A billion of anything is a lot, and the billionth computer mouse has rolled off the production line at Logitech, as the device itself celebrates its 40th birthday next week.
Logitech’s general manager Rory Dooley told the BBC:
"It’s rare in human history that a billionth of anything has been shipped by one company. Look at any other industry and it has never happened. This is a significant milestone."
The company has begun a competition to find that billionth mouse, with clues as to where it is posted on the company blog, and $1000 in Logitech products going to the winner.
But a big question mark hangs over the future of the mouse, what with laptop touchpads, touchscreen devices, and surface computers the possible wave of the future. Can the humble mouse survive? Dooley feels it can.
"The reality is it’s always easy for people to drum up interest in a story by making an extreme statement. And in the story of the "mouse is dead" campaign by Bill Gates a few months ago, that was started to drum up interest in Windows 7, the next version of the operating system."
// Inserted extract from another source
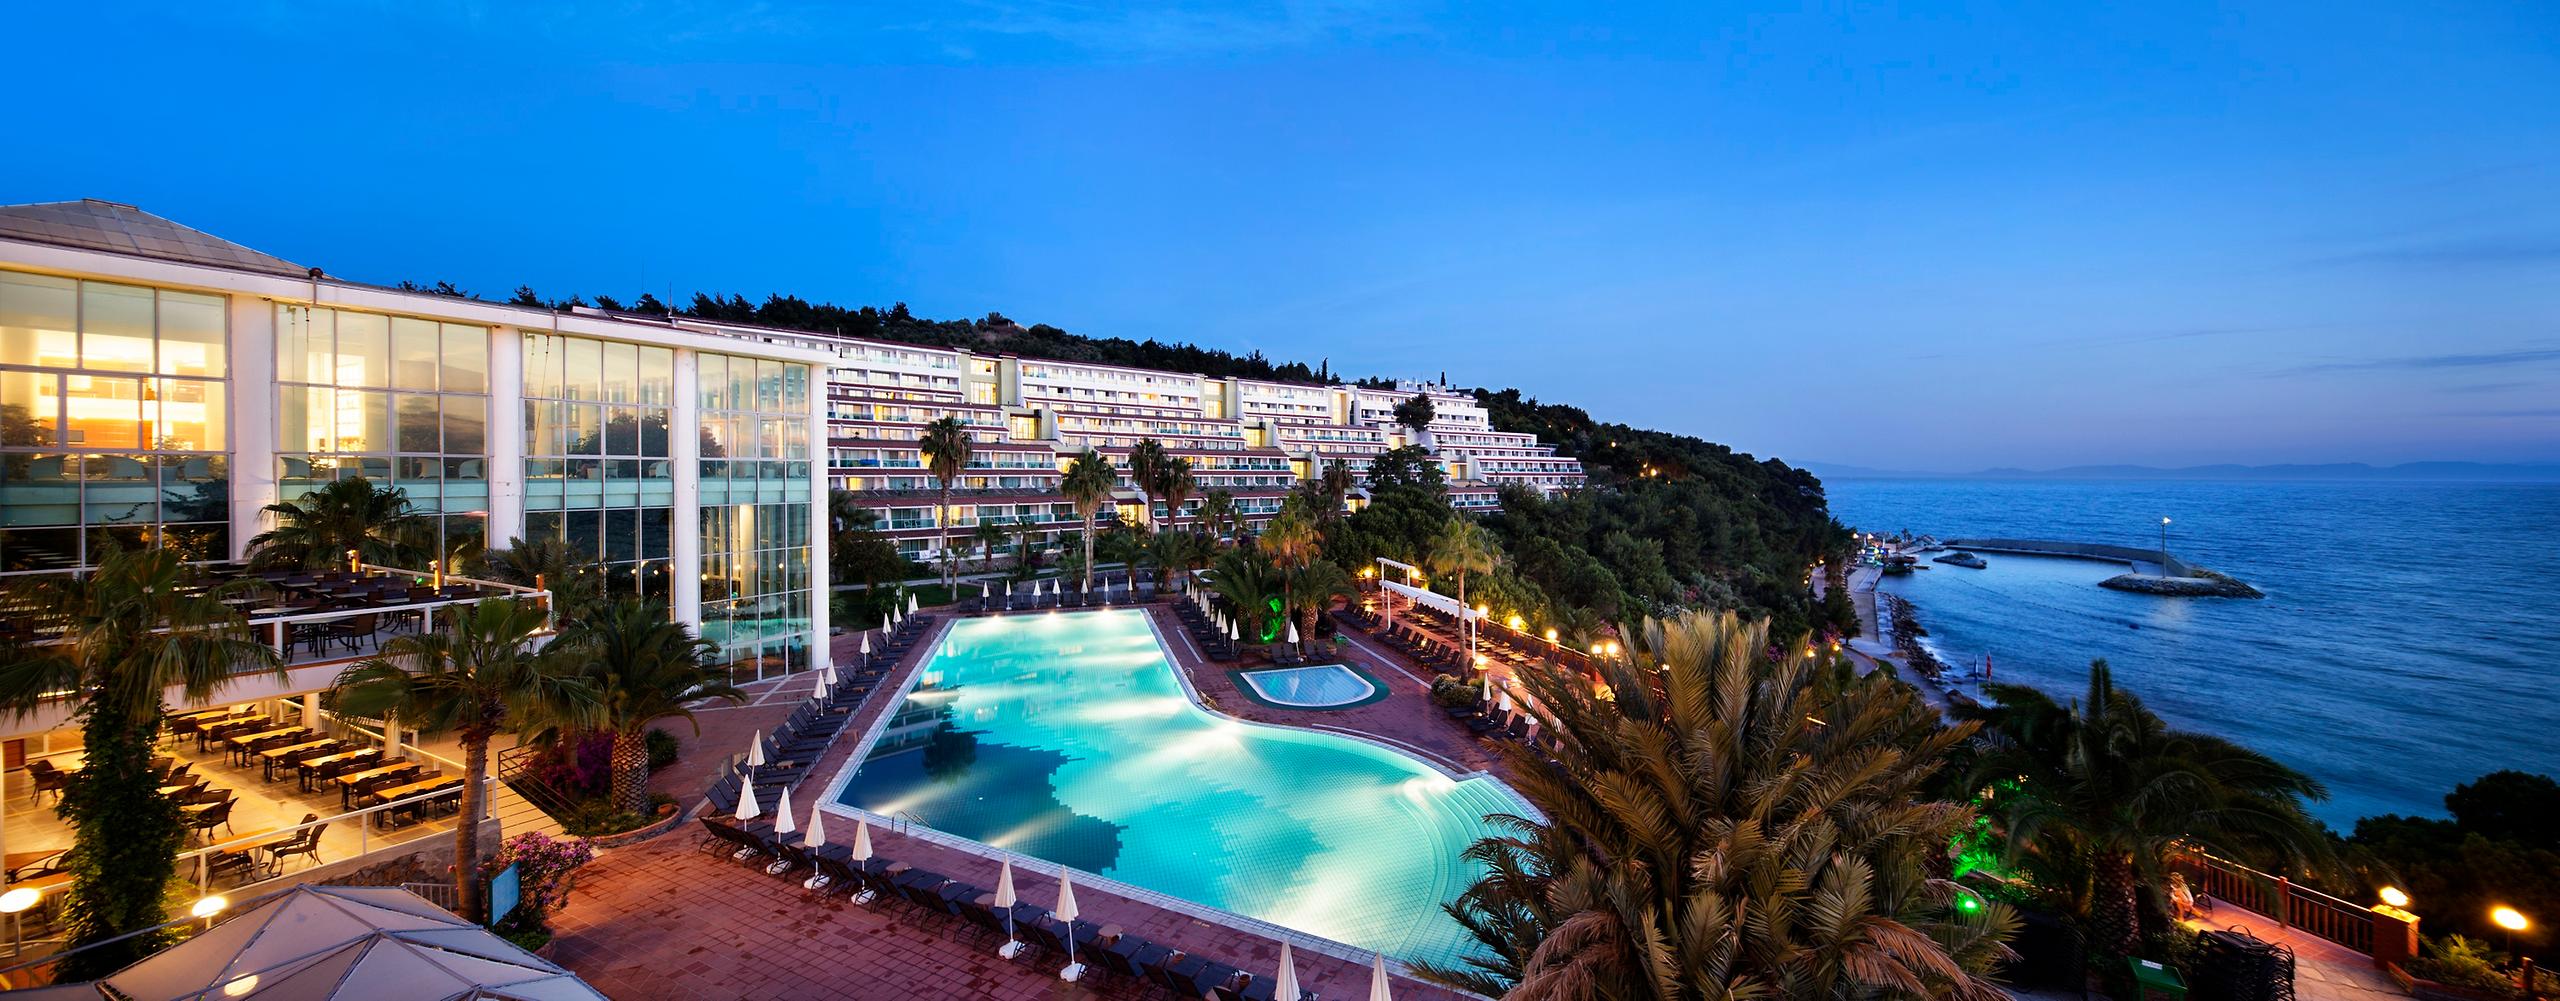 Pine Bay Holiday Resort Hotel

"The challenge with these new technologies is going to be will you touch a screen that is two feet away from you a thousand times a day? Is touch accurate enough to let you get into the cell of a spreadsheet?”
"Those are just some simple questions we believe will not necessarily be answered by the touch interface of tomorrow."
Time will tell if the mouse lives to celebrate 50, or if Logitech gets to make two billion of them.